Welcome to GSEAPY’s documentation!¶
GSEAPY: Gene Set Enrichment Analysis in Python.¶
GSEAPY is a python wrapper for GESA and Enrichr.¶
It’s used for convenient GO enrichments and produce publication-quality figures from python.
GSEAPY could be used for RNA-seq, ChIP-seq, Microarry data.
Gene Set Enrichment Analysis (GSEA) is a computational method that determines whether an a priori defined set of genes shows statistically significant, concordant differences between two biological states (e.g. phenotypes).
GSEA is far too extensive to describe here; see
GSEA documentation for more information.
Enrichr is open source and freely available online at: http://amp.pharm.mssm.edu/Enrichr .
I would like to use Pandas to explore my data, but I did not find a convenient tool to do gene set enrichment analysis in python.
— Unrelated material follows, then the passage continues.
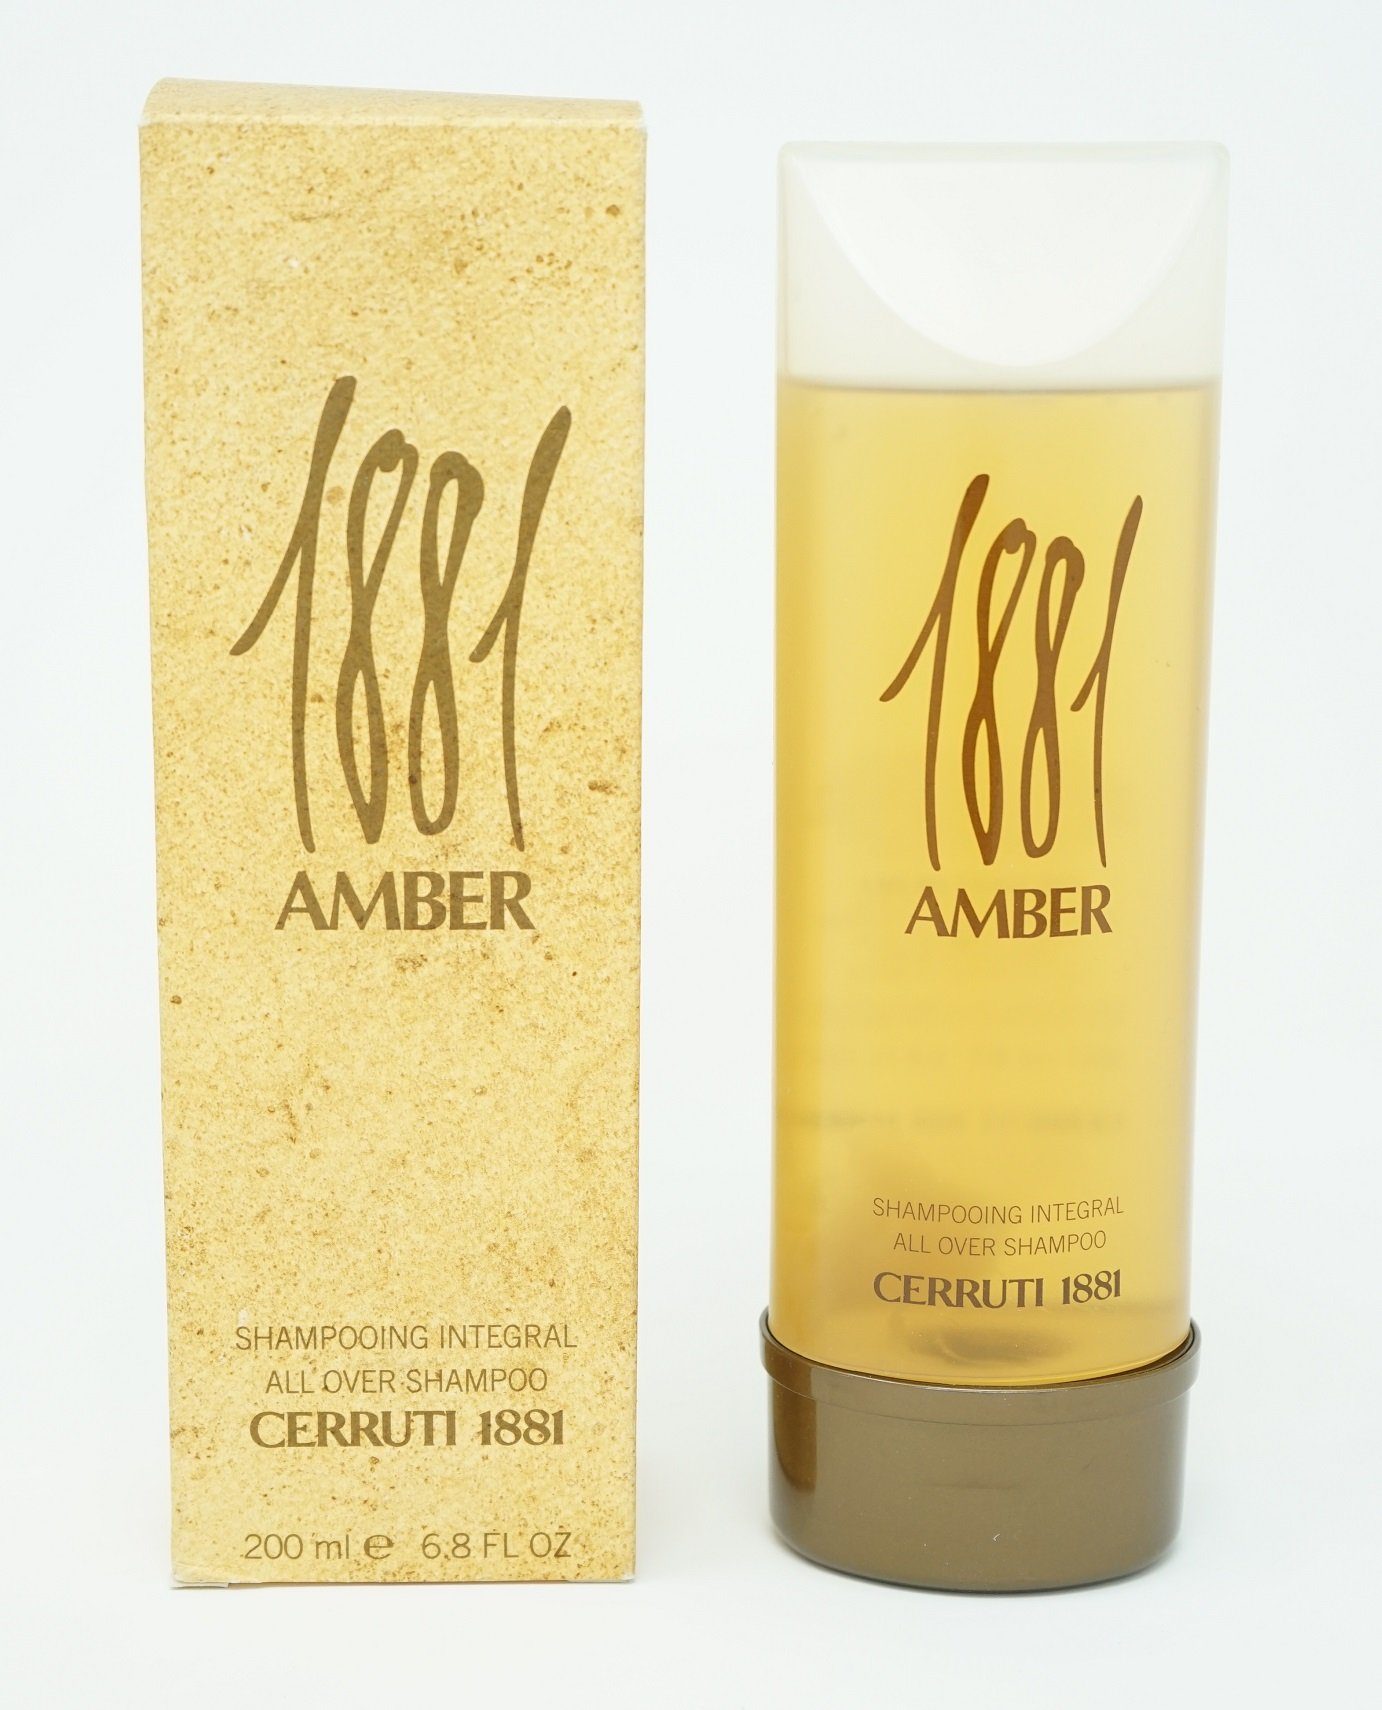 Duschgel CERRUTI Amber All Duschgel Shampoo 1881 over 200ml Cerruti

So, here are my reasons:
- Ability to run inside python interactive console without having to switch to R!!!
- User-friendly for both wet and dry lab users.
- Produce or reproduce publishable figures.
- Perform batch jobs easy.
- Easy to use in bash shell or your data analysis workflow, e.g. snakemake.
GSEA Java version output:¶
This is an example of GSEA desktop application output
Prerank module output¶
Using the same data from
GSEA, GSEAPY reproduces the example above.
replot module will reproduce the same figure for GSEA Java desktop outputs
GSEAPY figures are supported by all matplotlib figure formats.
You can modify
GSEA plots easily in .pdf files. Please Enjoy.
A graphical introduction of Enrichr
The only thing you need to prepare is a gene list file in txt format(one gene id per row), or a python list object.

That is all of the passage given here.